Janelle Jenstad is Professor of English at the University of Victoria.  She co-coordinates the New Internet Shakespeare Editions and Digital Renaissance Editions and directs the Humanities Computing and Media Centre at UVic (hcmc.uvic.ca), Linked Early Modern Drama Online (lemdo.uvic.ca), and The Map of Early Modern London (mapoflondon.uvic.ca). She served for three years on the Technical Council of the Text Encoding Initiative. With Jennifer Roberts-Smith and Mark Kaethler, she co-edited Shakespeare’s Language in Digital Media (Routledge). Her essays and book chapters have appeared in Shakespeare BulletinElizabethan TheatreEMLS, JMEMSDHQ, Digital StudiesScholarly Editing, and other venues.


Zachary Lesser

Zachary Lesser, Edward W. Kane Professor of English at the University of Pennsylvania, is the author of three award-winning monographs and a general editor of The Arden Shakespeare (fourth series). He is a world-leading scholar in the materiality of texts, evidenced in his recent Ghosts, Holes, Rips, and Scrapes (Penn Press, 2021), which was shortlisted for the DeLong Book History Prize. He is also the co-creator of two important digital databases, the Shakespeare Census and DEEP: Databases of Early English Playbooks, and the Director of the University of Pennsylvania’s Workshop in the History of Material Texts.


Sonia Massai

Sonia Massai is the author of three monographs, including Shakespeare and the Rise of the Editor (Cambridge, 2007), a seminal pre-history of Shakespeare editing. She has edited drama for the Arden Early Modern Drama series and is a general editor of the Cambridge Shakespeare Editions, a project that combines traditional print editions with digital texts and supporting material. Dr Massai’s exemplary knowledge of the history of Shakespearean editing, as well as her extensive experience as an editor at the vanguard of digital innovation, will contribute much to the conference’s focus on editing Shakespearean texts.
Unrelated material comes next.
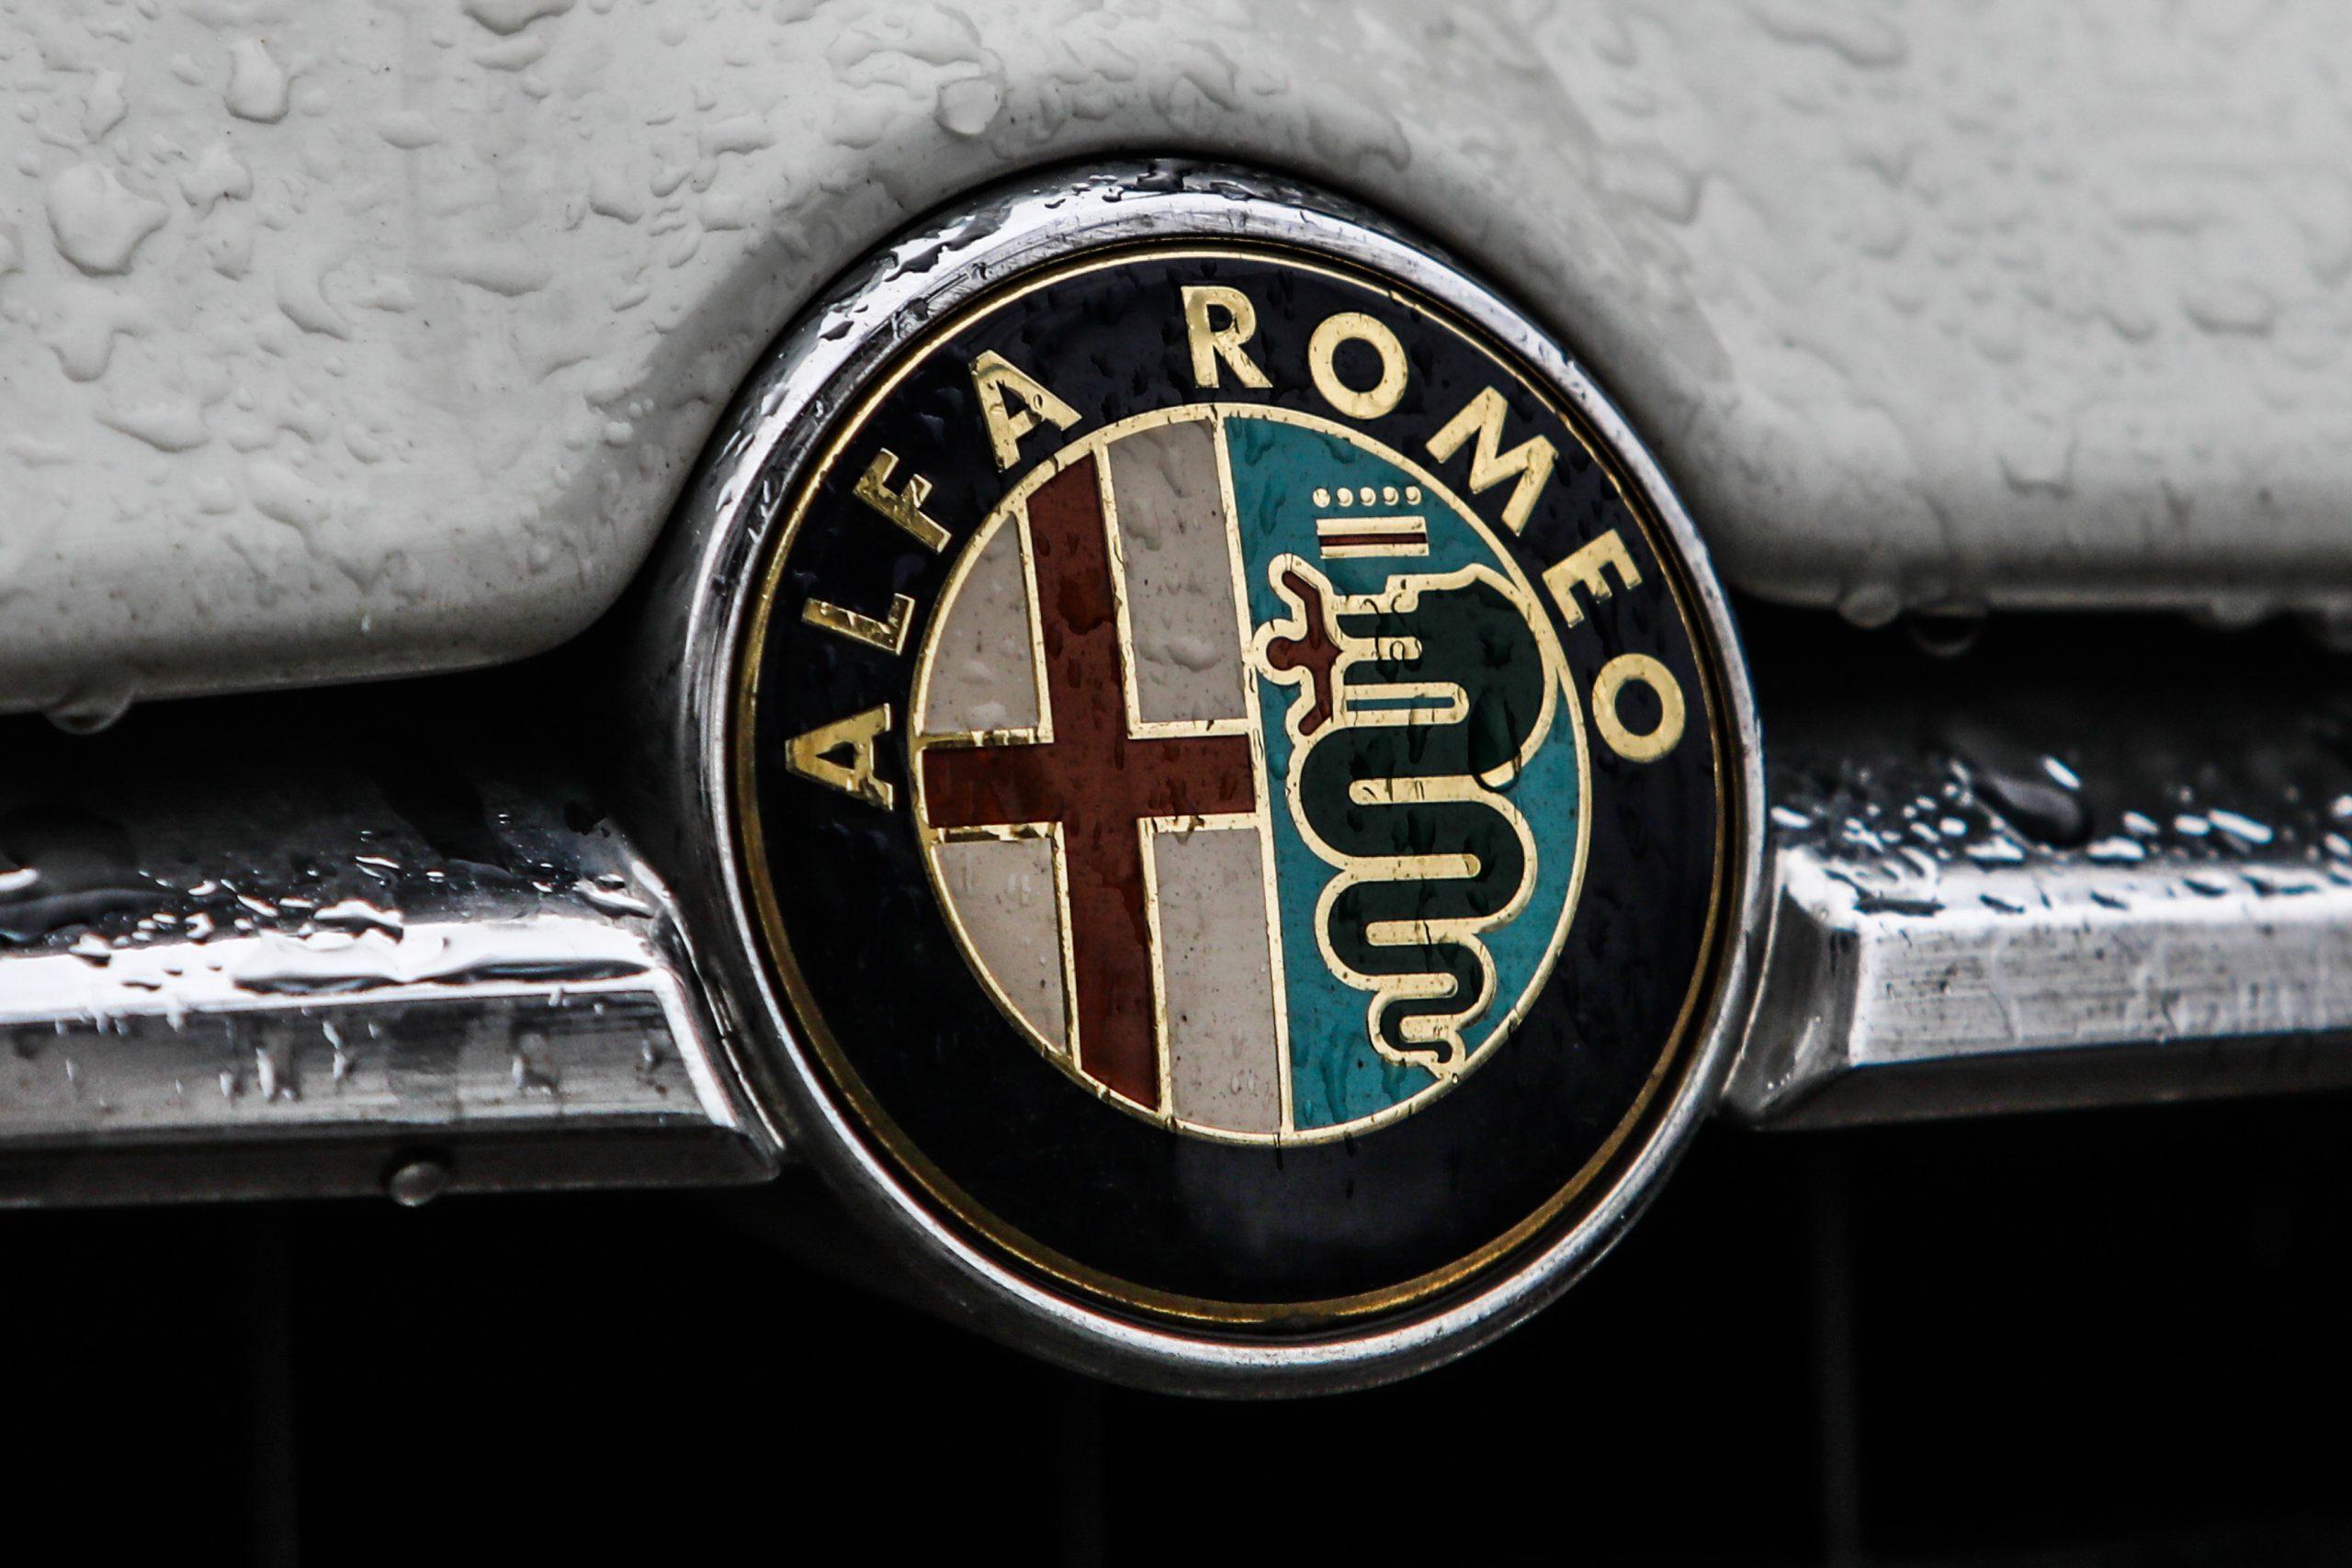 www.motorbiscuit.com

Dr Massai has also published on world-wide Shakespeares and, recently, on how identity is defined through accents in performance.


Eric Rasmussen

Eric Rasmussen is an internationally renowned bibliographer and editor, with special expertise in the Shakespeare folios. Stories about his authentication of a newly discovered Shakespeare First Folio were featured in the New York Times, the Guardian, and the BBC. His book, The Shakespeare Thefts: In Search of the First Folios, was serialized by the London Sunday Times. He brings to the conference deep knowledge of editorial practices and challenges, having edited the Complete Works for the Royal Shakespeare Company and critical editions of individual plays for the Arden Shakespeare, Oxford’s World’s Classics, and the Revels Plays. He is a contributor to The Cambridge Edition of the Works of Ben Jonson (named Book of the Year for 2012 by the Times Literary Supplement) and Shakespeare Beyond Doubt (named Book of the Year for 2013 by both the TLS and History Today).


Misha Teramura

Misha Teramura is Associate Professor of English at the University of Toronto. His work has been published in such journals as ELH, Shakespeare Quarterly, Modern Philology, English Literary Renaissance, RES, Early Theatre, Huntington Library Quarterly, and The Chaucer Review, and has received both the Martin Stevens Award for Best New Essay in Early Drama Studies and the Barbara Palmer Award for Best New Essay in Early Drama Archival Research. He is currently working on two book projects, titled ​Paper Plays: The Material Lives of Early Modern Manuscript Playbooks and Reading Lost Plays: Early Modern Drama and the Forms of Textual Survival, and is editing Henry IV, Part 2 for the Arden Shakespeare Fourth Series. He is also a Fellow of the Royal Historical Society and a co-editor of the Lost Plays Database.